Поиски смысла жизни героями произведений Толстого или же ответов на «вечные вопросы», волнующие человечество испокон веков, — отражение духовной драмы самого писателя, искание им религиозно-нравственного идеала и нахождение его в малоперспективной идее «непротивления злу насилием», которая неспособна ни вдохновить широкие массы людей, ни привести к сколько-нибудь полезному позитивному результату.
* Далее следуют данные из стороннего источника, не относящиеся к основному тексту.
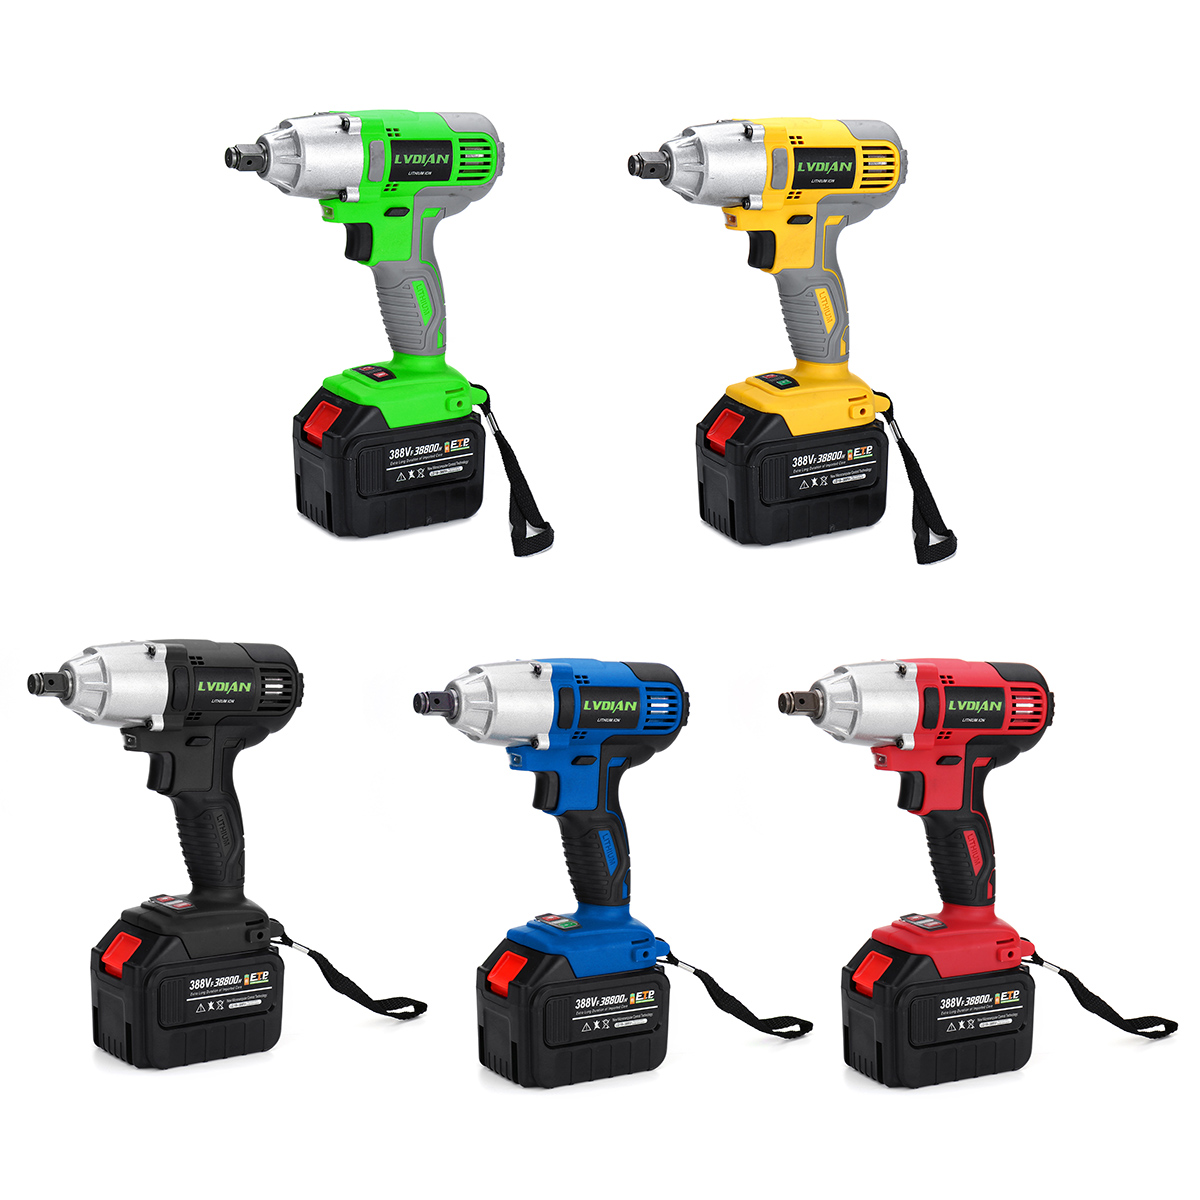 

388VF 38800mAh 1/2 inch Cordless Electric Impact Brushless Wrench Driver Hand Drill with Li-ion Battery
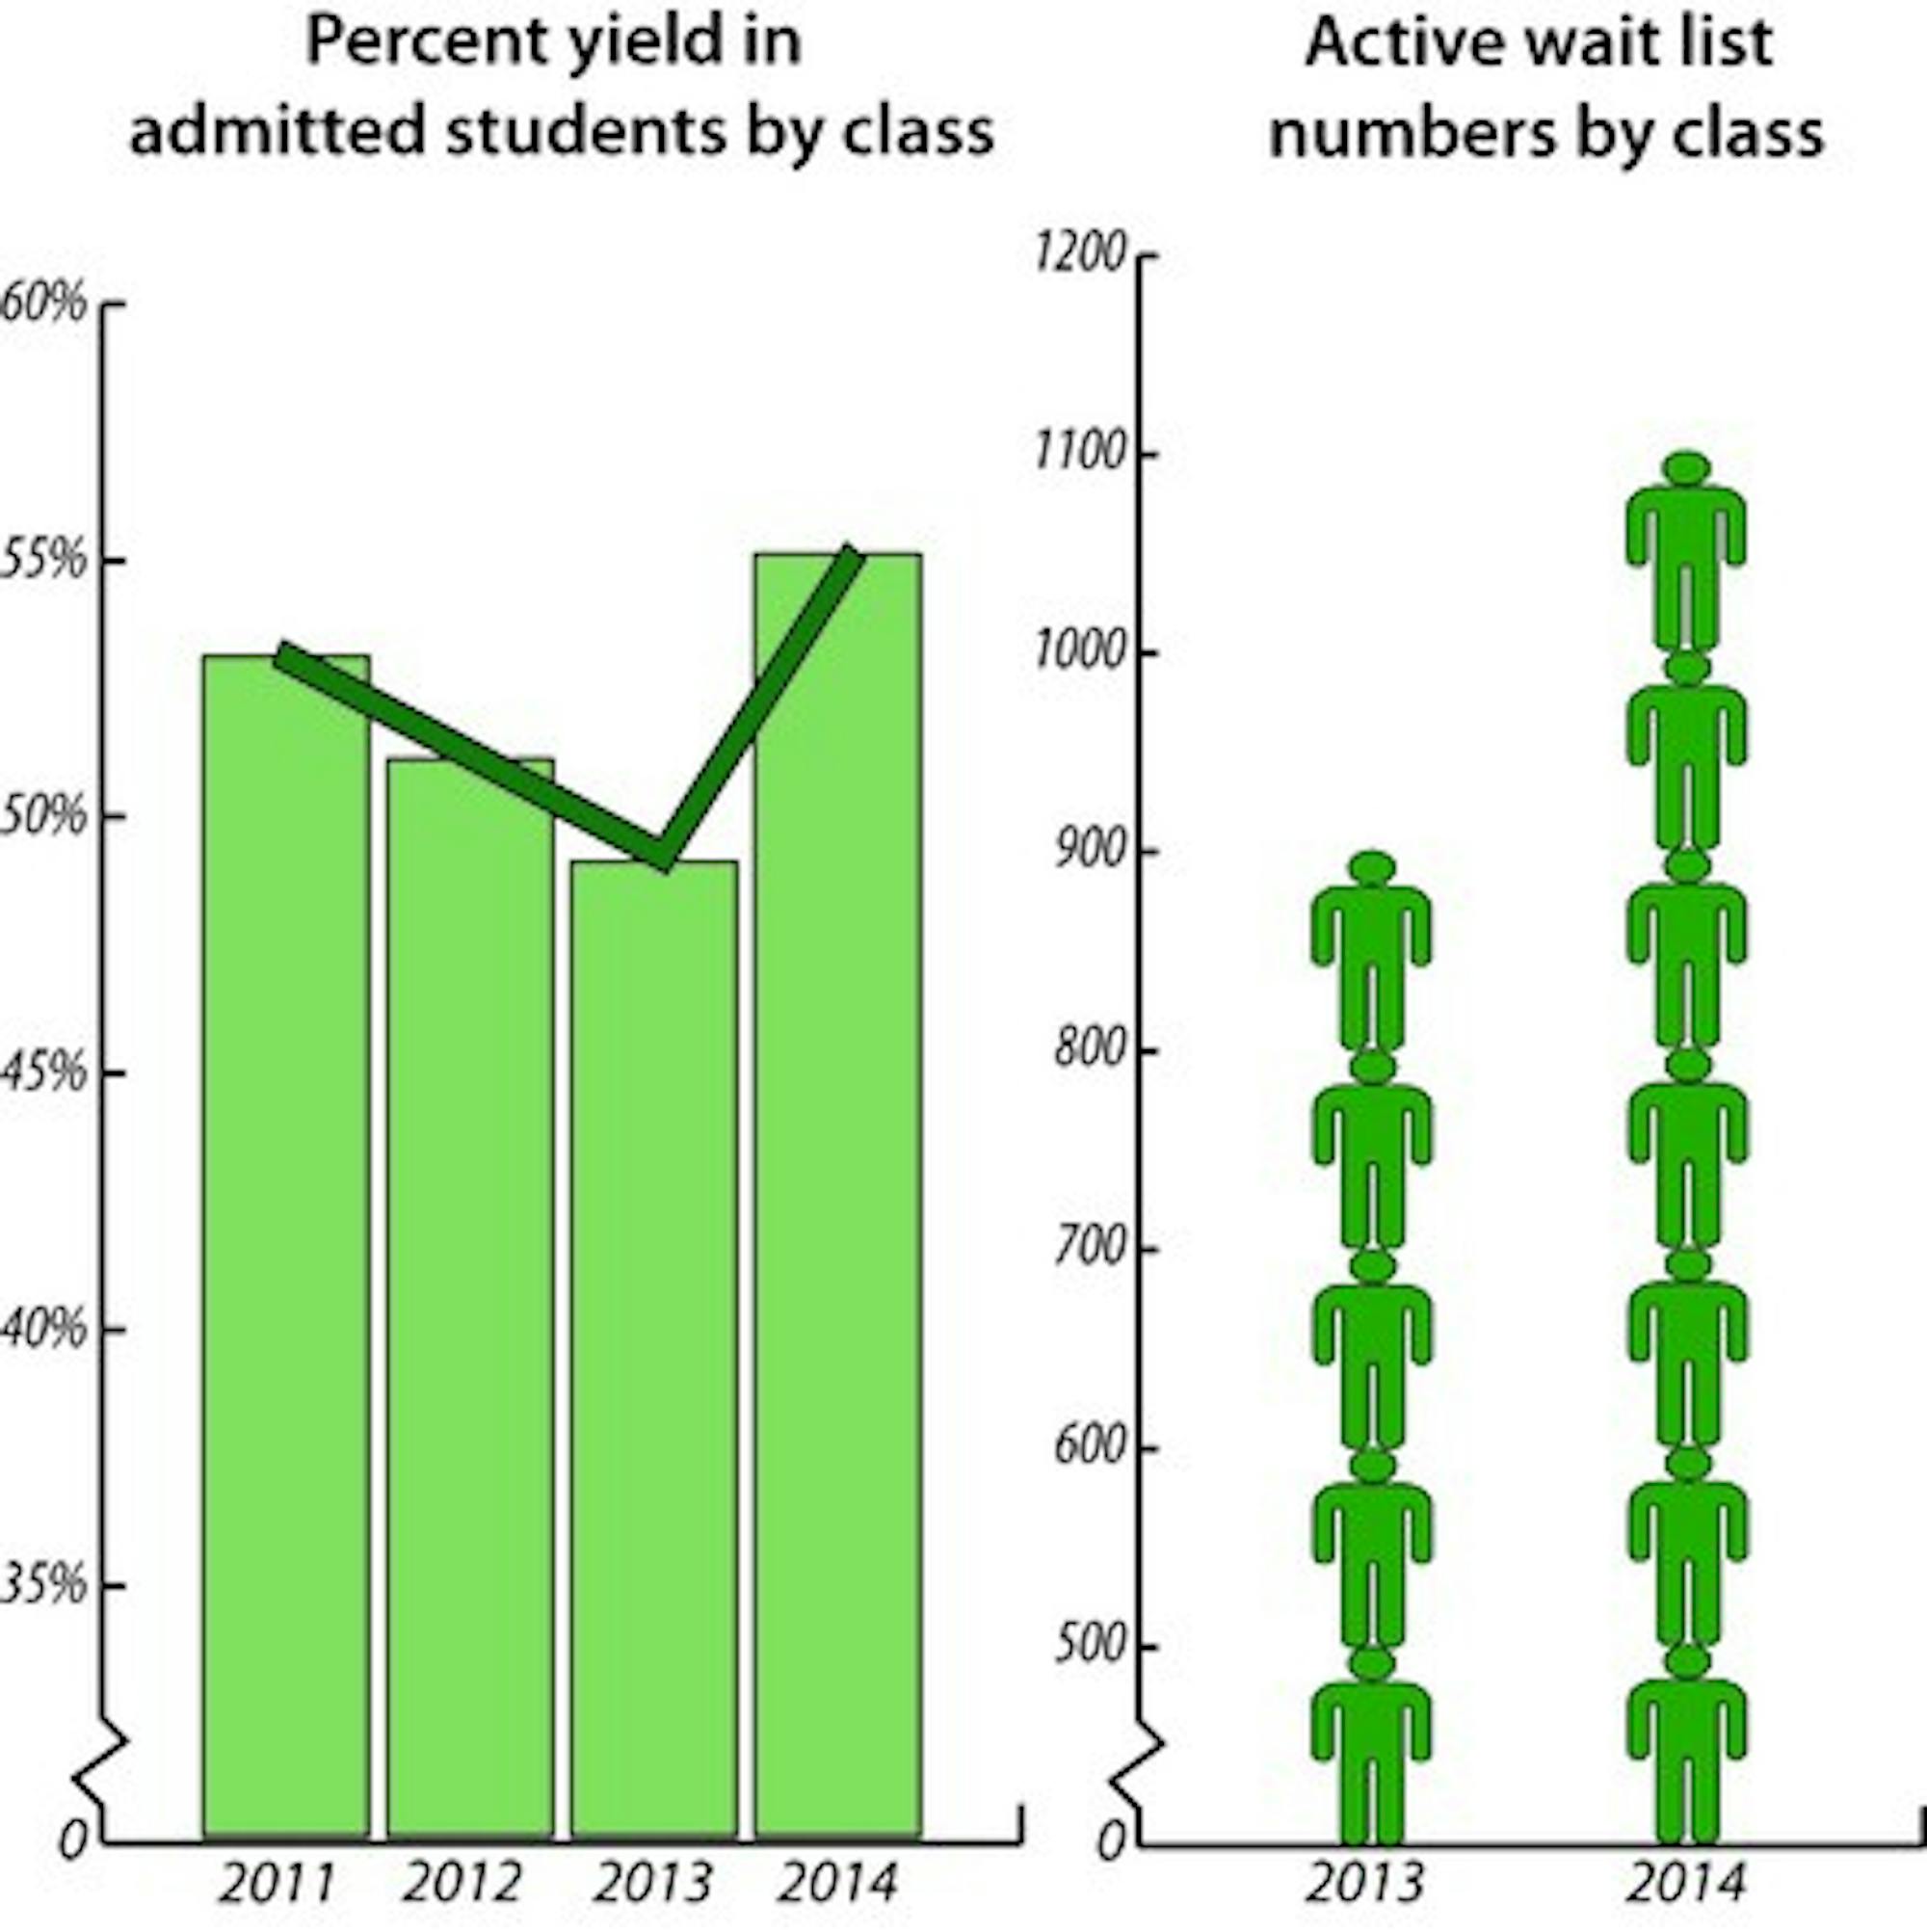 This year, the Admissions office saw an increase in admissions yield, as well as the number of students on the waitlist.

Мировоззренческие исканиями Льва Толстого, его неистребимая жажда постичь истину впоследствии нашли свое отражение в одном из самых беспощадных к собственному «я» документов мировой культуры — философско-автобиографическом произведении «Исповедь». Ее лейтмотив — диалектическое противоречие между осмысливаемым всеединством объективного мира и неудовлетворенным самоутверждением познающего субъекта, стремящегося, но не могущего вырваться из «вселенских сетей». Те же мысли и выводы присутствуют и на страницах романа «Война и мир». Их носители — конкретные герои, обуреваемые теми же сомнениями, что и автор. Таков Пьер Безухов, в чьи уста Толстой вкладывает результаты собственных размышлений:

— Вы говорите, что не можете видеть царства добра и правды на земле. И я не видал его; и его нельзя видеть, ежели смотреть на нашу жизнь как на конец всего. На земле, именно на этой земле (Пьер указал в поле), нет правды — все ложь и зло; но в мире, во всем мире есть царство правды, и мы, теперь дети земли, а вечно — дети всего мира. Разве я не чувствую в своей душе, что я составляю часть этого огромного, гармонического целого? Разве я не чувствую, что я в этом бесчисленном количестве существ, в которых проявляется божество, — высшая сила, — как хотите, — что я составляю одно звено, одну ступень от низших существ к высшим?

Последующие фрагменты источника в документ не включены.